I've never left in terms of reading it. I am building XML-based
systems again as a full-time job. It wasn't a sabbatical. It was a
"XML Is Done; Use It When Needed Because It's Fully Baked". And
therefore, it was best to stay quiet because I had nothing to
contribute. Once back in the game, this is a good place to ask
questions and compare experiences. Everyone here has done this long
enough that no serious question goes unanswered and otherwise, we know
each other well enough to ignore the rest.
Part of the laissez-faire attitude for some of us is that XML-Dev (as
development) once XML was published became a kibitzing forum and helps
people understand the specification. As a development list, very
little is developed here. Some abstractions are debated repeatedly.
It isn't a matter of discarding "new ideas" but very few new ideas are
presented. For the most part new people who don't realize the world
didn't begin when they entered it present old ideas and these are
debated politely in case new conditions have emerged. Minds aren't
closed; they are skeptical by practice.
You might want to search the pre-xml archives for a phrase
"object-oriented pixie dust". Creating objects with markup is a
perma-thread from the early days. The problem as I recall was some
optimizations simplify one problem for a little speed and create
numerous problems in other applications. Tim Bray called such ideas
"premature optimization" and the answer has been "good stuff for some
specialized processors doing specific tasks".
If you want a lexically concise answer, John Cowan is the better man.
Amelia made a concrete suggestion. That's the next wicket.
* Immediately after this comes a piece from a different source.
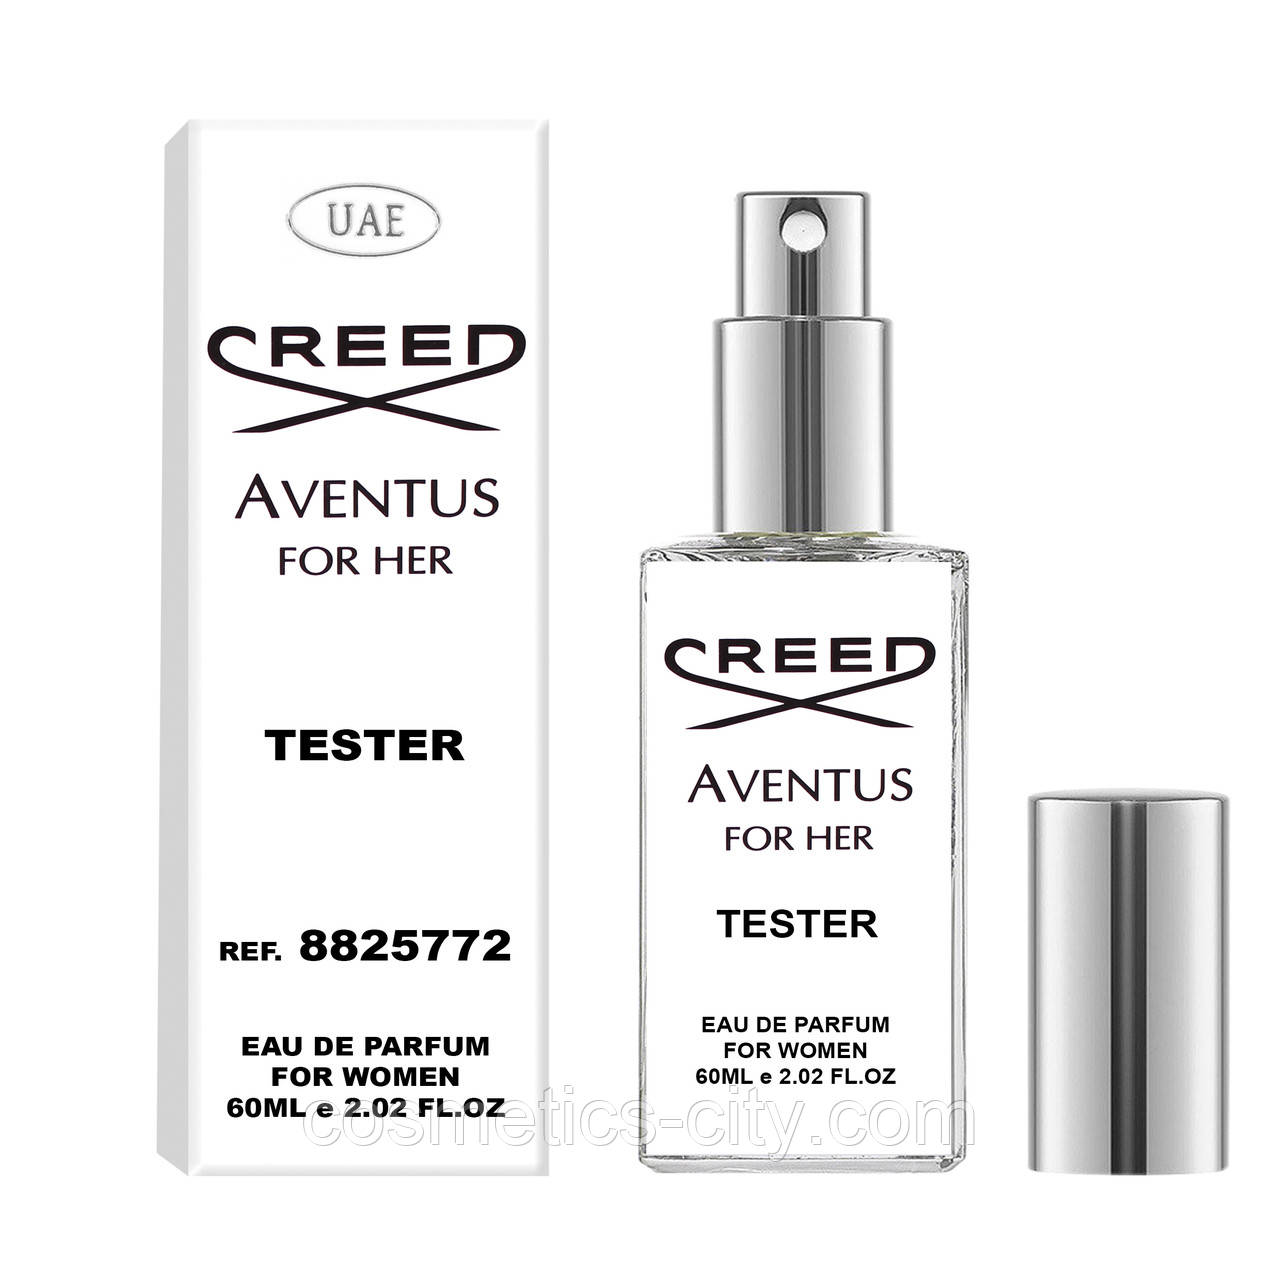 Тестер женский UAE Creed Aventus for Her, 60 мл.
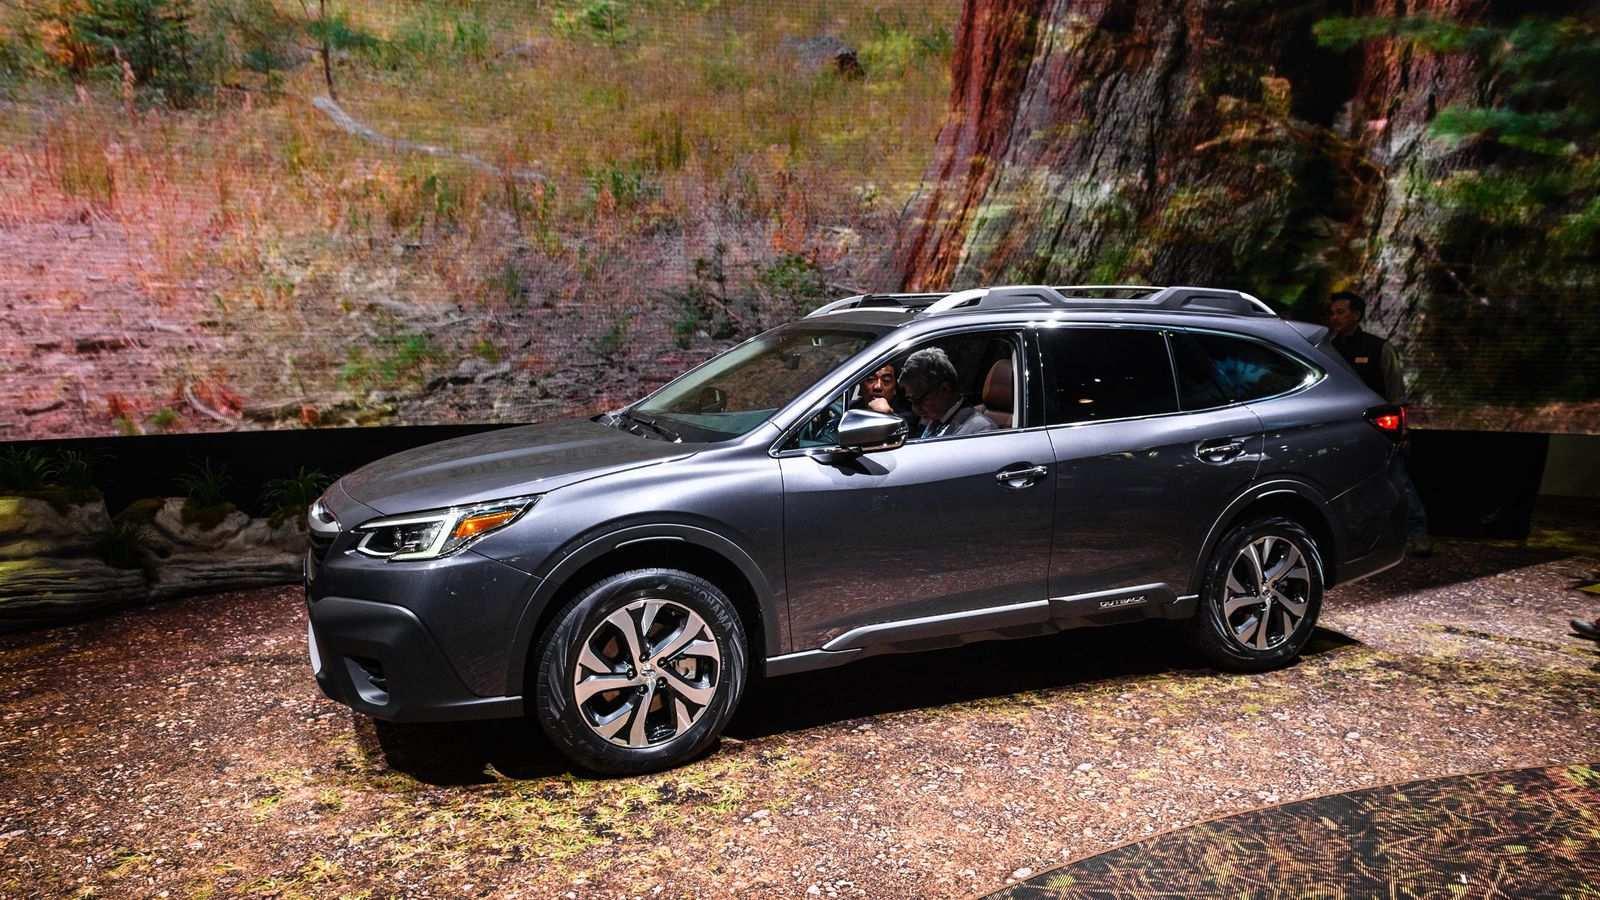 63 Gallery of Subaru Outback 2020 Price History with Subaru Outback 2020 Price

XML is used both on the web and off the web. The speed of reading XML
in and out of memory isn't the same constraint in all application
domains. Some XML documents are quite large by some standards.
Others not so much. When building large integrated document sets in
say technical publication applications, if an OID complicates the
production process and toolsets by a fraction without an offsetting
measurable and explainable gain, it will be discarded. If XML is
re-architected such that it is required, XML will be discarded.